What needs to be done
Start at the line in the entries below that contains "ヒント効果音 ひらめき 正解 キラキラの未再生の波形", stop at the line that contains "Caderno De Desenho", and output exactly the lines in that span, both ends included.

──────── Materials provided

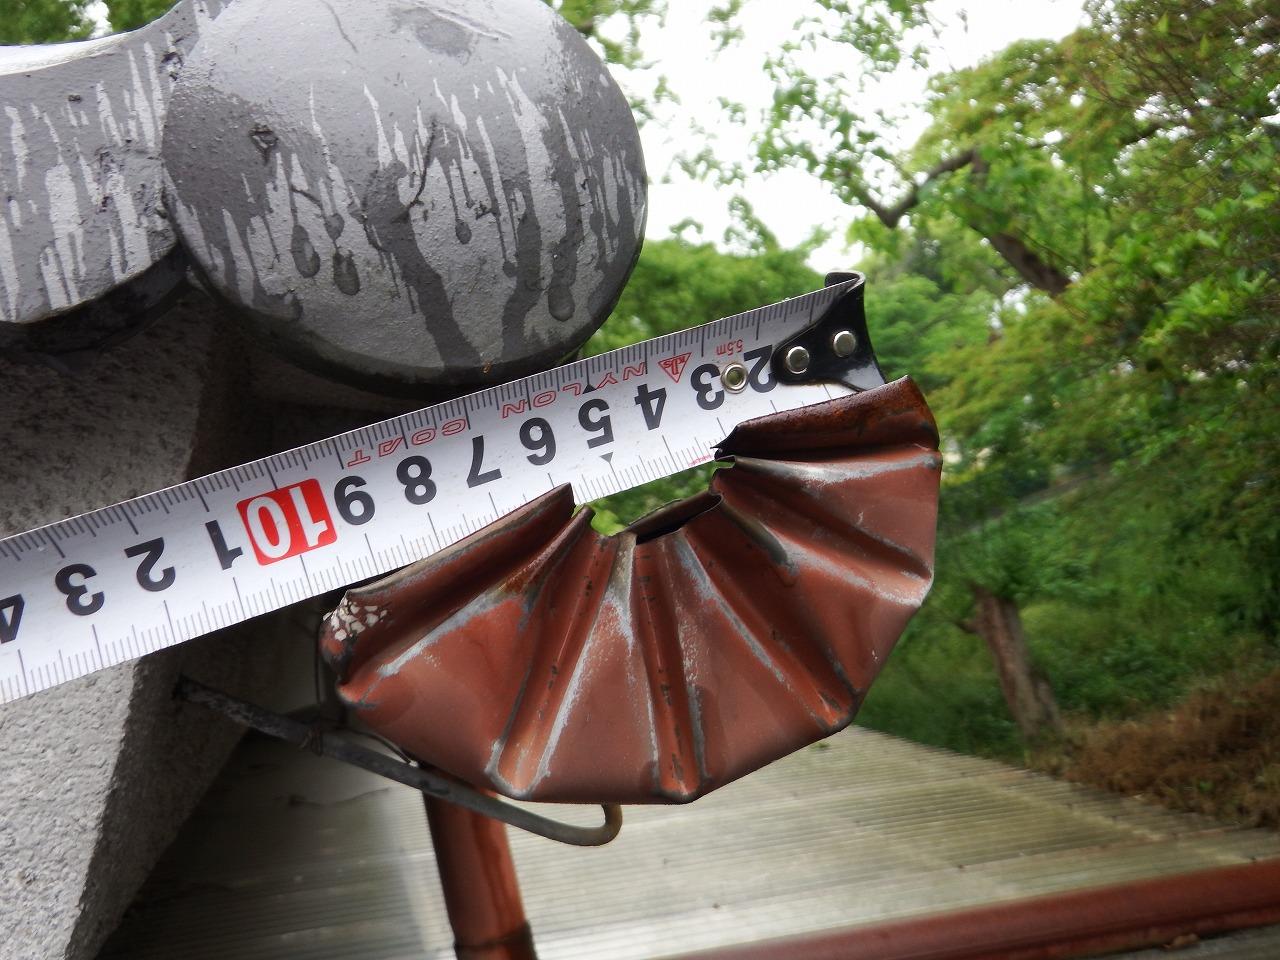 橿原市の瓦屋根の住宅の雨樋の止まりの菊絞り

────────────────
──────── Materials provided

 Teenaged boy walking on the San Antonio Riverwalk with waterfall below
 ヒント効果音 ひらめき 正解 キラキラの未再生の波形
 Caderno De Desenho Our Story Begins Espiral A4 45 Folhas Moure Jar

────────────────

Task result
 ヒント効果音 ひらめき 正解 キラキラの未再生の波形
 Caderno De Desenho Our Story Begins Espiral A4 45 Folhas Moure Jar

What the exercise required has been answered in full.